Human Activity Recognition is an emerging and challenging area of research [1, 40]. Many machine learning based studies exist on activity recognition that uses accelerometers [8, 29]. Much of the existing studies in activity recognition focused on major activities, such as sitting, standing, sleeping, running, walking and jumping [5, 50]. In HAR literature, studies were done both using a single sensor and a combination of multiple sensors. Few works proposed a physical activity monitoring system based on multiple sensors. These systems are able to recognize sitting, standing and lying body postures, as well as periods of walking with the aim of monitoring elderly people in their daily lives [16, 20], showed that use of multiple sensors is not helpful for significantly improving recognition for typical physical activities. Many works exist for outlier detection in the sensor network [13, 51] but further research is still needed, particularly in activity recognition.
Most existing HAR systems make the focus on human activities detection without considering data outliers. Though many machine learning based outlier detection techniques were proposed for various applications in WSNs, studies on outlier detection for human activity recognition in WSNs is rare. Based on the literature reviewed, the focus of this work is on outlier detection in wireless sensor networks for human activity recognition. An outlier detection method is proposed and evaluated on two datasets collected in various environments. The effect of outlier detection is empirically evaluated using standard classification methods.

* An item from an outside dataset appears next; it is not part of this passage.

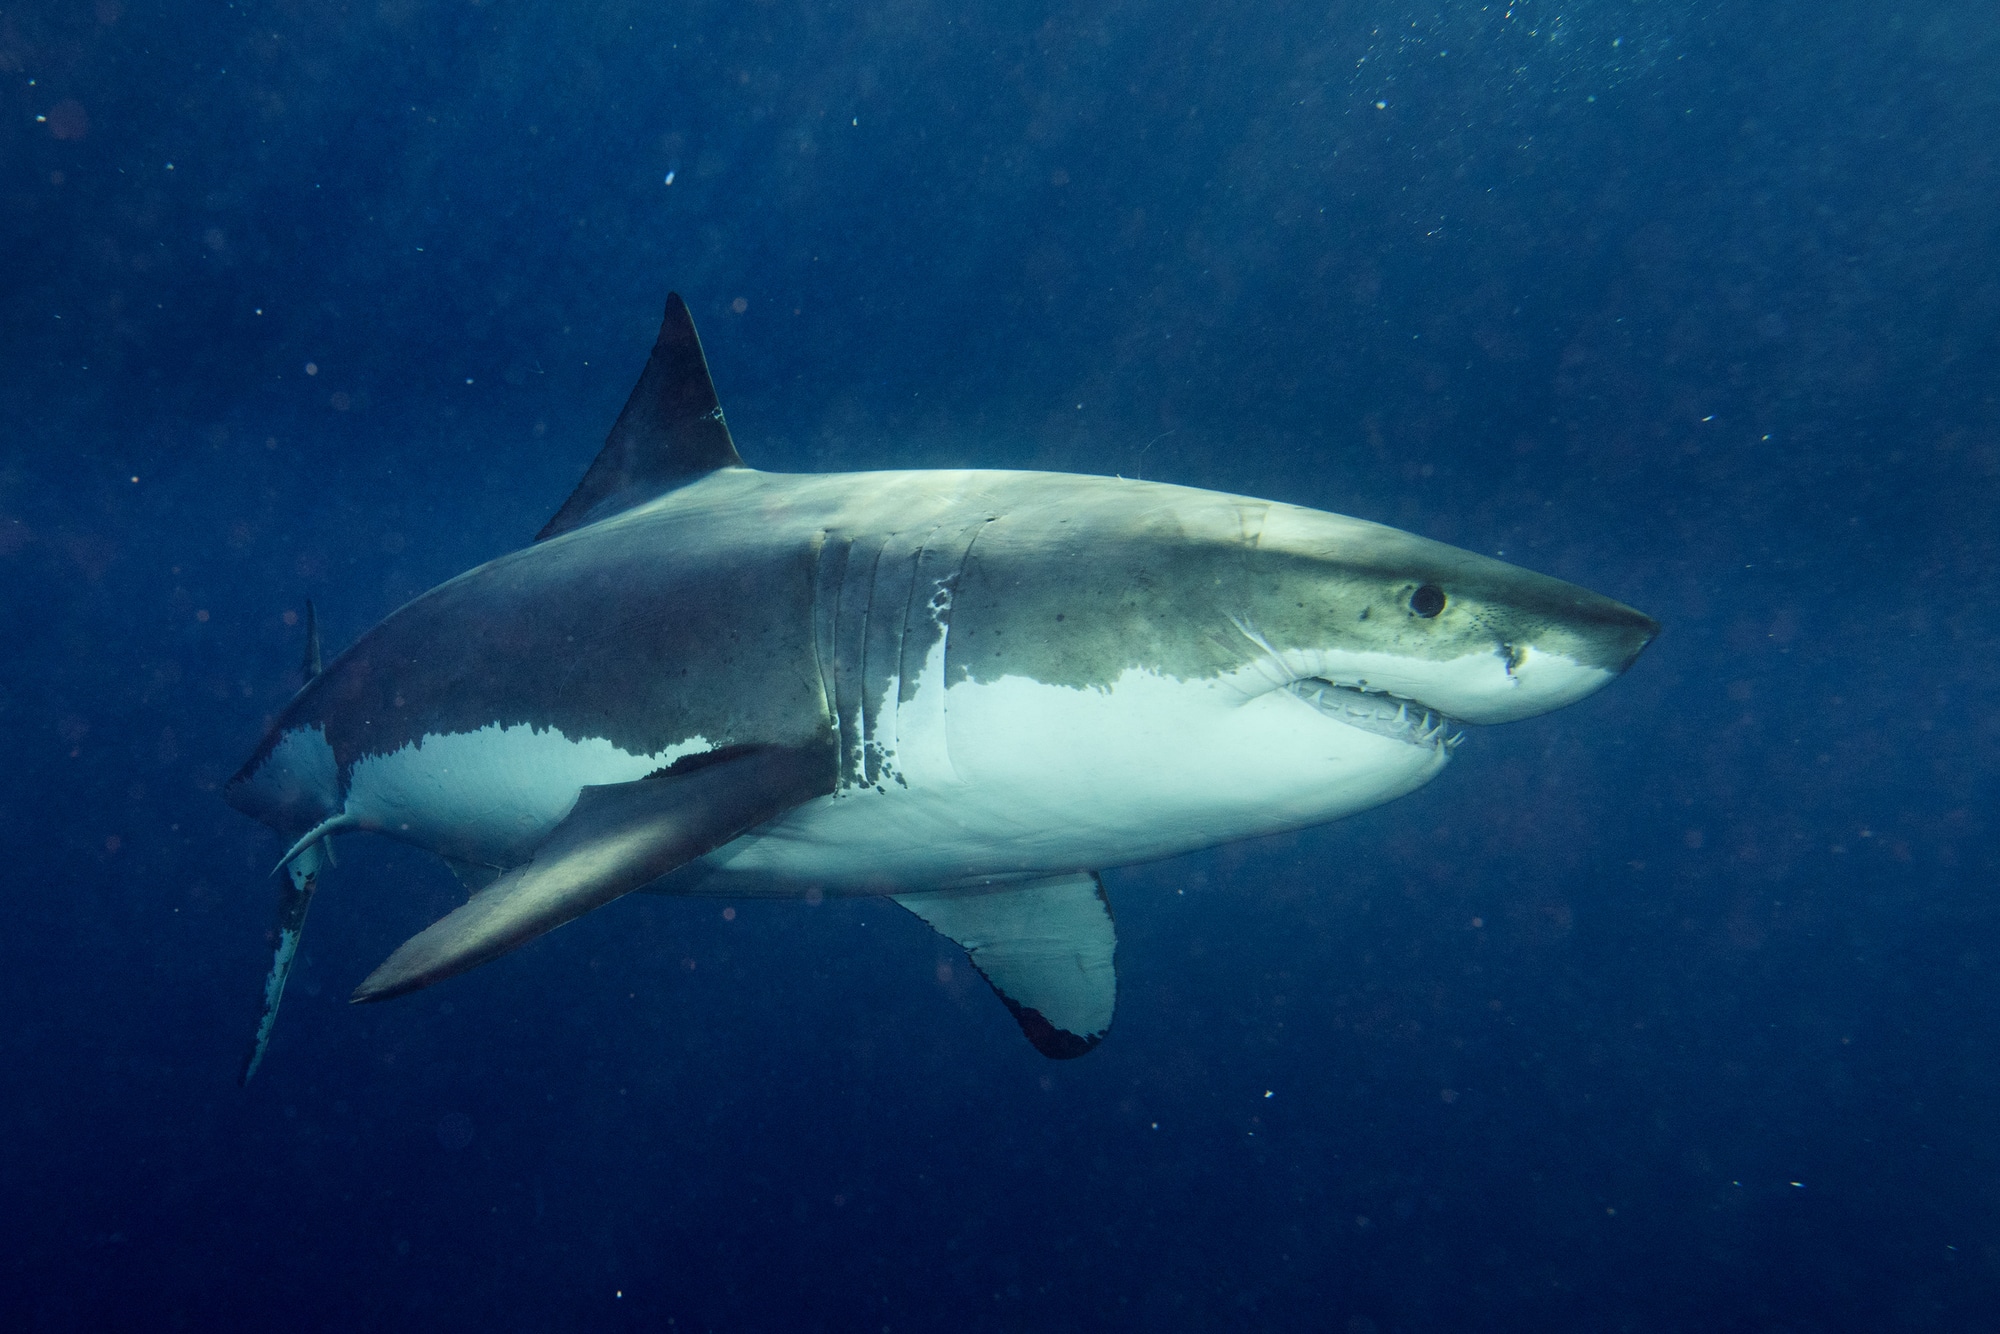 Great White Shark animals that can survive without food
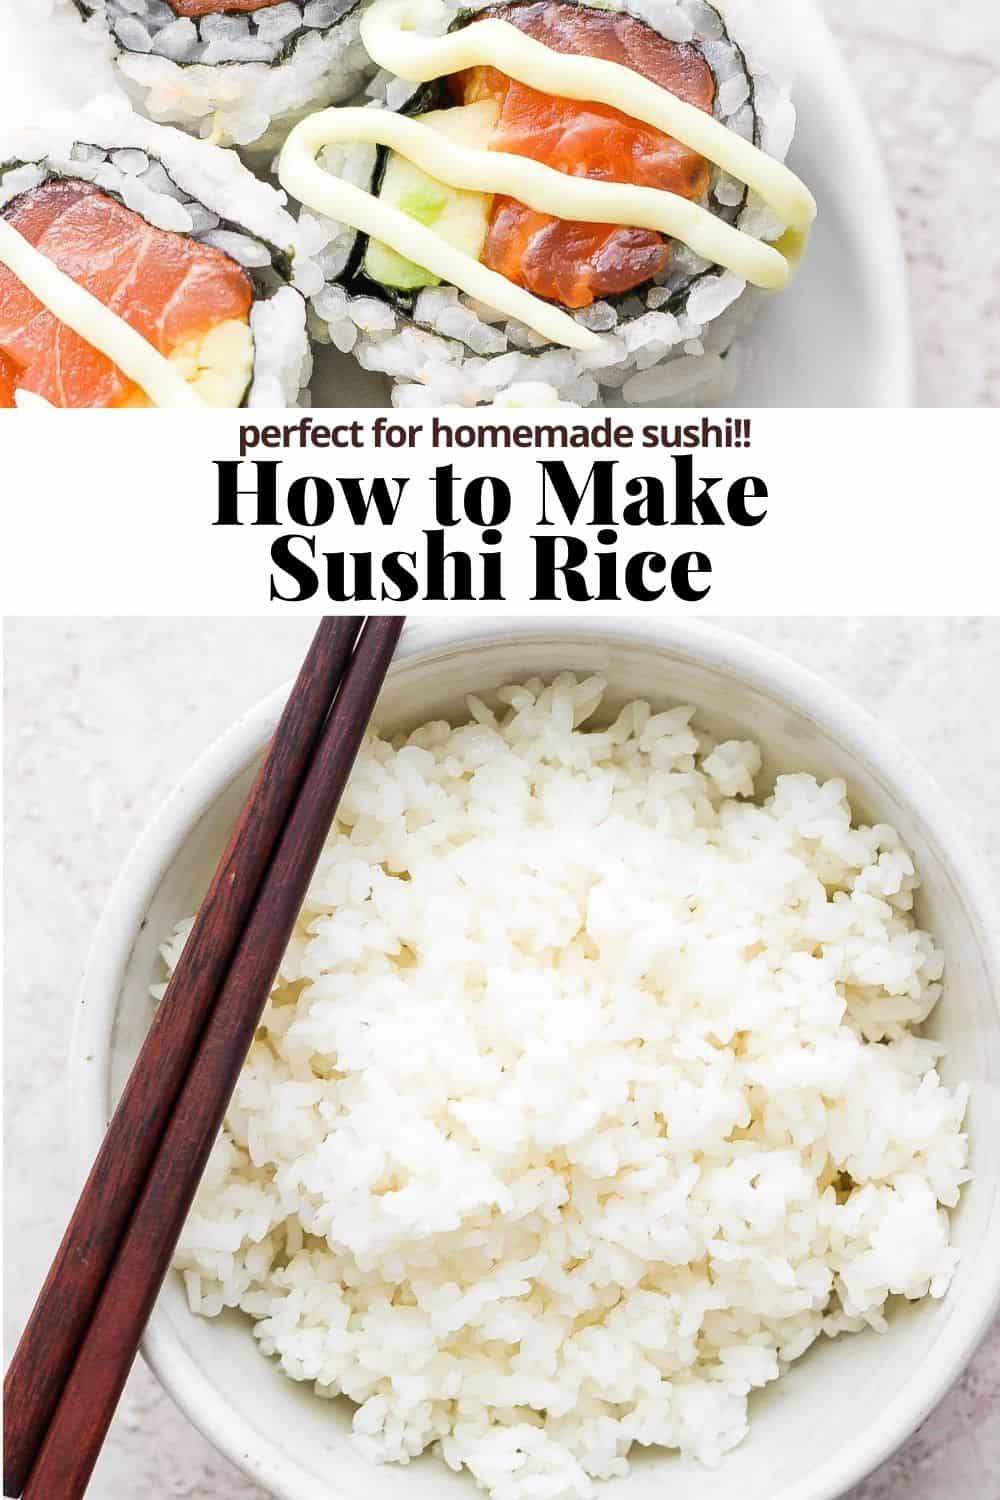 Pinterest image for how to make sushi rice.

Motivations and contributions
Real-world applications such as smart home monitoring, patient monitoring, sports activities and so forth have increased the accessibility of sensors and raised interest in Human Activity Recognition (HAR). Particularly, the prevalence of mobile devices, such as the smartphone with sensors, can offer advanced capabilities to recognize human activities in wireless sensor networks. However, the raw sensor data collected from the wireless source are quite often inaccurate and unreliable due to the design issues of sensors devices in terms of lifetime, energy, memory, bandwidth, computational power, dynamic nature of the network, and harshness of the node deployment environment. These inaccuracies are referred to as anomalies or outliers. A solution to ensure the eminence of mobile sensor data is detected and removes outlier data. Outlier detection is a particularly important task in various applications of wireless sensor networks [37, 42]. Recent researchers contribute to various outlier detection methods for sensor data. Applying traditional outlier detection methods on sensor data experience the ill effects of a high false positive rate, especially, when the collected sensor information is biased toward normal data while the anomalous events are rare. It is essential for a data analyst to detect outlier data in order to take proper actions. Human Activity Recognition is one of the application areas where more abnormal activities are present. This motivates us to explore outlier detection methods for HAR.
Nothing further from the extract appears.